Information for Midwest Seminary of Bible Theology courses has been researched and compiled by many members in the Body of Christ. We have been blessed by gifted brothers and sisters from many areas of ministry.

We thank those who have helped to write and compile courses for our curriculum. We gratefully thank all those in five-fold ministry, helps and lay ministry that have labored with us. A special thank you is extended to authors of various books, and leadership of other Bible Colleges that have been so very giving and gracious to us. It is not possible to name everyone by name. Laborers with us have compiled over one hundred (100) courses. Let us all say "to God be the glory."

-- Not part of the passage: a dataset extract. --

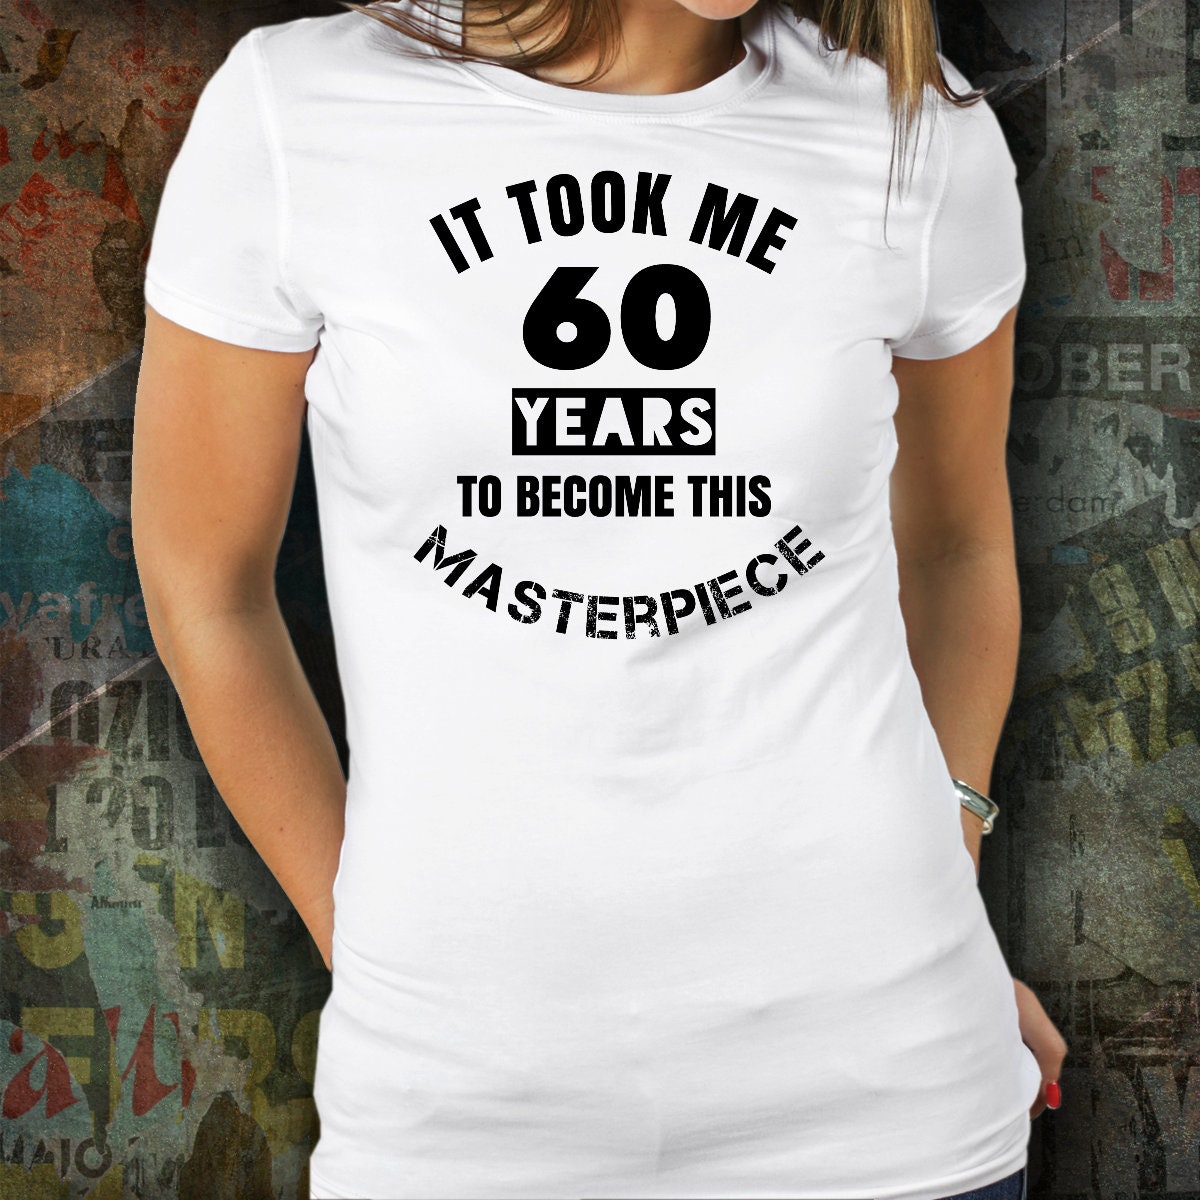 60 ans idée cadeau anniversaire humour' T-shirt Femme

CHRISTIANS ARE CO-LABORERS

"Who then is Paul, and who is Apollos, but ministers by whom ye believed, even as the Lord gave to every man? I have planted, Apollos watered; but God gave the increase. So then neither is he that planteth any thing, neither he that watereth; but God that giveth the increase. Now he that planteth and he that watereth are one: and every man shall receive his own reward according to his own labor. For we are laborers together with God: ye are God's husbandry, ye are God's building. According to the grace of God which is given unto me, as a wise masterbuilder, I have laid the foundation, and another buildeth thereon. But let every man take heed how he buildeth thereupon. For other foundation can no man lay than that is laid, which is Jesus Christ."